TransWikia.com

How to interprete percentile information from the describe function in Pandas?

Data Science Asked on January 4, 2021

I am a bit stumped on how to interpret the percentile information you see when you call the describe function on dataframes in Pandas.

I believe I have a basic understanding of what percentile means. For example if in a test someones score 40% which ranks at the 75% percentile, this means that the score is higher than 75% of the total scores.

But I don’t know how to translate this knowledge to interpret what I see from the describe function.

To illustrate, given the following:

test = pd.DataFrame([1,2,3,4,5,1,1,1,1,9])
test.describe()

This prints out something similar to this:

| count | 10.000000 |
|-------|-----------|
| mean  | 2.800000  |
| std   | 2.616189  |
| min   | 1.000000  |
| 25%   | 1.000000  |
| 50%   | 1.500000  |
| 75%   | 3.750000  |
| max   | 9.000000  |

Now I do not know how to interpret the values assigned to 25%, 50% and 75%. For example 5 out of the 10 values is set to 1, but the 50% has a value of 1.50000, clearly it is not saying 1.5 has a value of 50% because there is not even 1.5 in the data set.

Also why is 25% set to 1.000000 and 75% set to 3.750000?

I know I am interpreting this wrong hence this question!
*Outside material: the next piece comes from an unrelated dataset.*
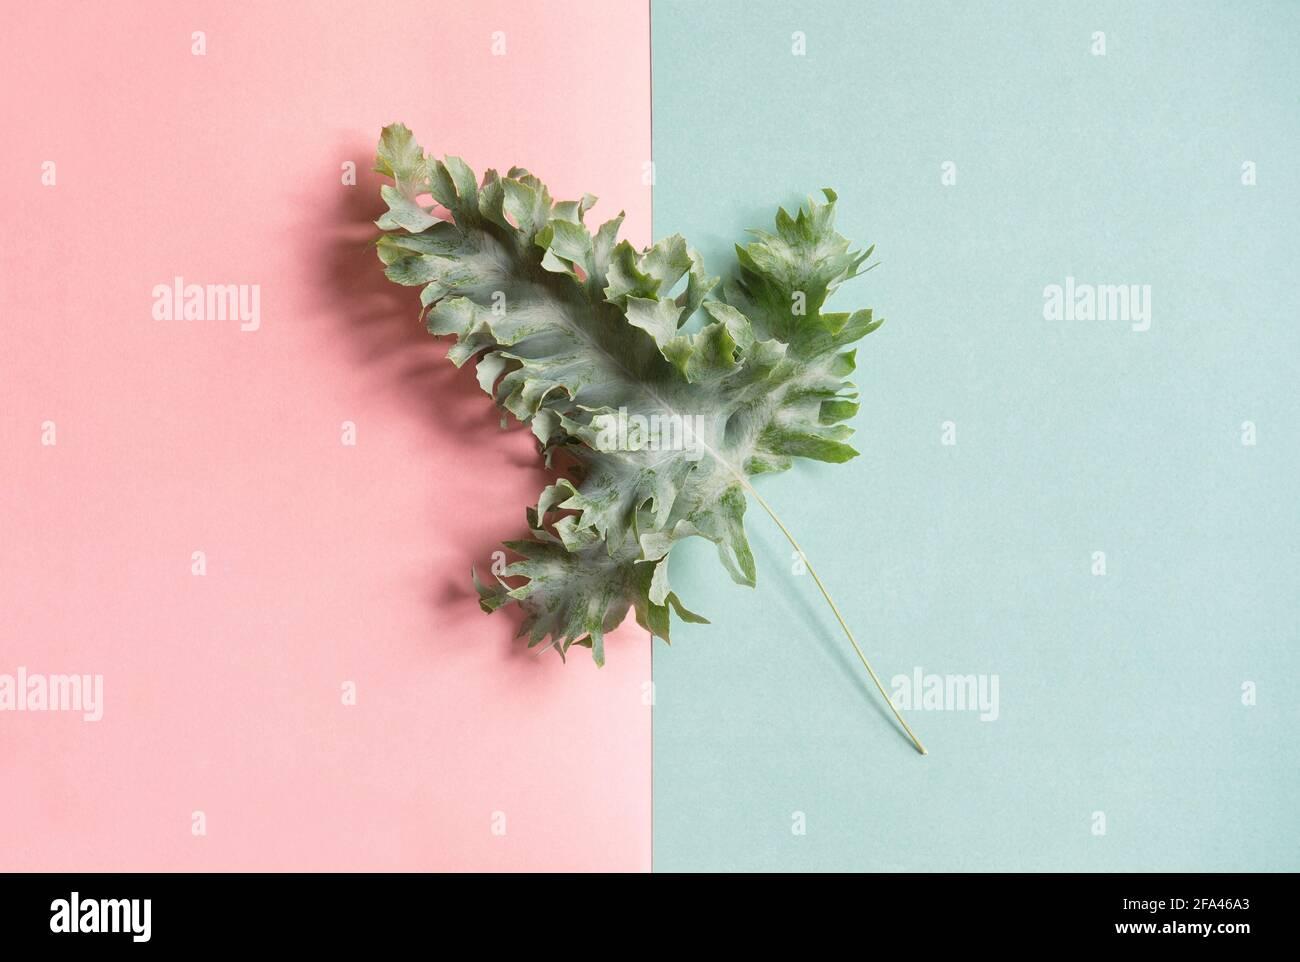 Feuille de Phlebodium verte sur fond bleu rose. Couche plate à motif fleuri minimaliste Banque D'Images

Would appreciate if someone can help understand this

3 Answers

Pandas' describe function internally uses the quantile function. The interpolation parameter of the quantile function determines how the quantile is estimated. The output below shows how you can get 3.75 or 3.5 as the 0.75 quantile based on the interpolation used. linear is the default setting. Please take a look at Pandas' quantile function source code here 1

test = pd.Series([1,2,3,4,5,1,1,1,1,9])
test_series = test[0]

quantile_linear = test.quantile(0.75, interpolation='linear')
print(f'quantile based on linear interpolation: {quantile_linear}')

quantile based on linear interpolation: 3.75

quantile_midpoint = test.quantile(0.75, interpolation='midpoint')
print(f'quantile based on midpoint interpolation: {quantile_midpoint}')

quantile based on midpoint interpolation: 3.5

Correct answer by cmn on January 4, 2021

Percentiles indicate the percentage of scores that fall below a particular value. They tell you where a score stands relative to other scores.

For example: a person height 215 cm is at the 91st percentile, which indicates that his hight is higher than 91 percent of other scores.

Percentiles are a great tool to use when you need to know the position of a value/score respect to a population/data distribution you're considering. Where does a value fall within a distribution of values? While the concept behind percentiles is straight forward, there are different mathematical methods for calculating them.

In your example 50% correspond to the median of the ordered values distribution. In this case the median is calculated between two values: 1 and 2 so the median is calculated (in this case 'cause the number of values is even so the median as to be calculated between the fifth and sixth ordered values ) as the mean between them 1.5.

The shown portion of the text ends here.